Some are sitting in the corners. Resignation growing heavier in their chests with every blink that fuzzed the world a little bit paler. Too tired to move, never exhausted enough for the mercy of vanishing in a blink.
And then there's the Woman, blue stain licked red hot at the edges, spilling from the center of the platform down the steps, coveting nearly an entire flight.
She steps along its edges gingerly, tamping down a grimace as half-coagulated blood slinks into her veins. The remnants cling and coddle the residents they exist beside, hooking into their lower lids, weaving themselves into braids between their ribs, replacing atrophied muscles with the faint iridescent sheen of memories layered over top one another until they collapse under their own weight.
Very few people take the stairs anymore.
When she steps outside, the sunlight glares down with a vengeance. It scorches rather than warms, stewing in its own hate. All around, people stubbornly carry themselves forward.
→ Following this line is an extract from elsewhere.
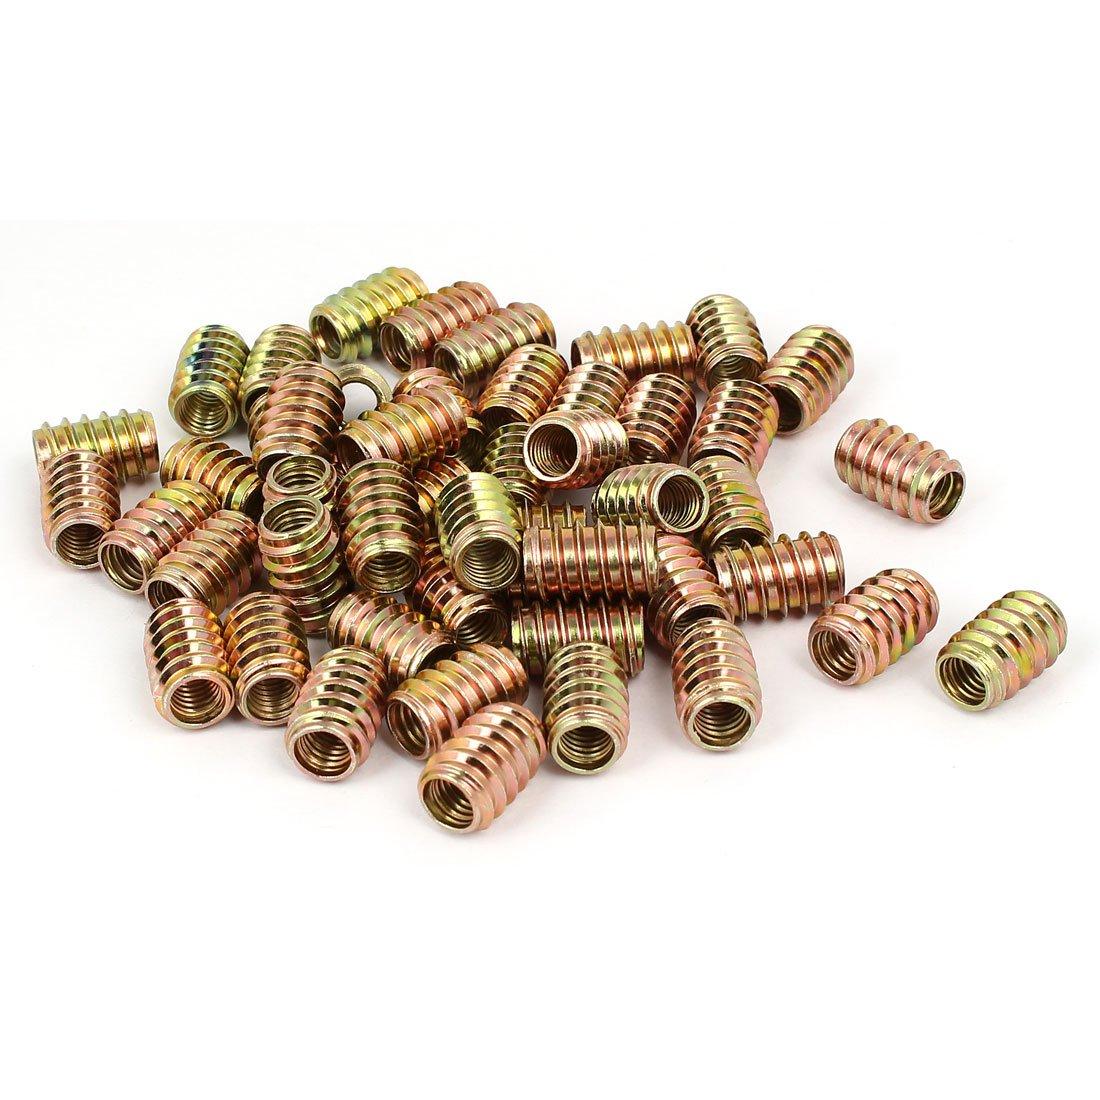 uxcell Wood Furniture M8 x 20mm Insert Fixing Screw E-Nut Bronze Tone 50pcs
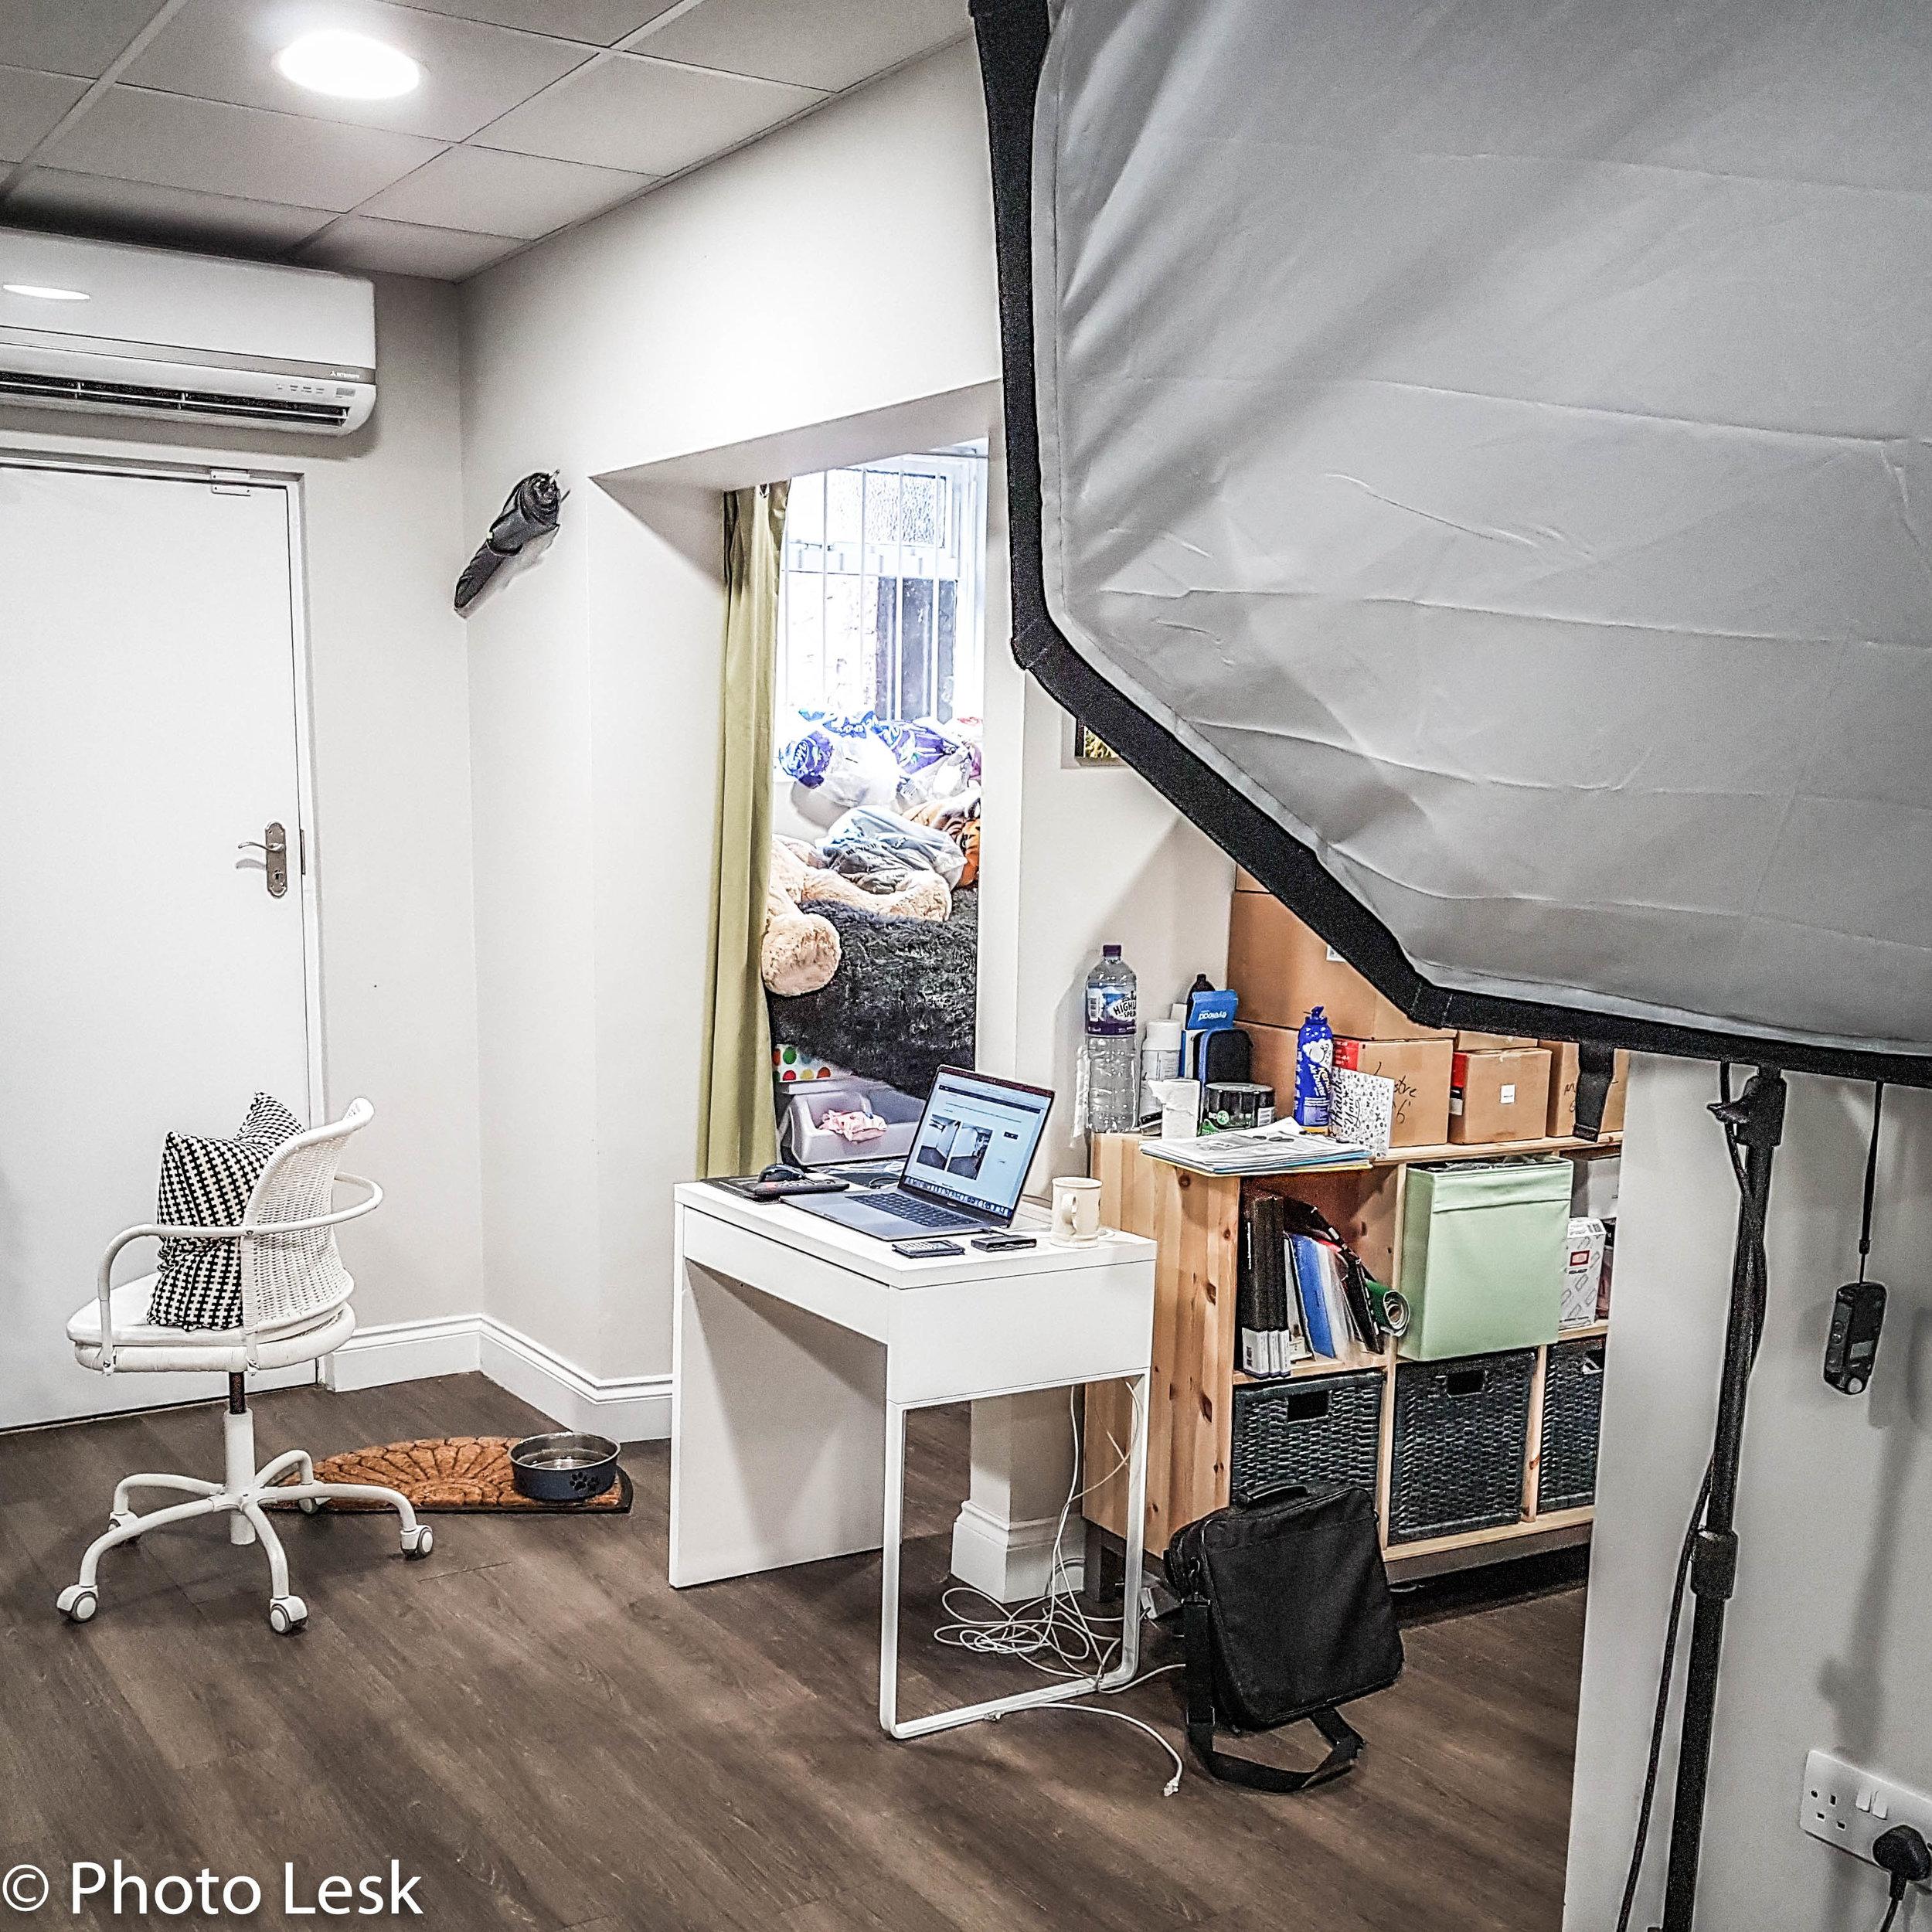 photography-studio-hire-devon-t&c.jpg

Staggering towards cramped desks stained brown from some unidentifiable spill. Limping to open construction sites, counting down the grinds of bone and cartilage until they can finally lie down. Drifting towards stone-box schools, lesson plans dripping behind their eyes, and pooling thick and iron at the backs of throats.
Souls cling to them, faded watercolour wings curling around hunched spines and broken hearts like a good hug could crack the vertebrae back into position.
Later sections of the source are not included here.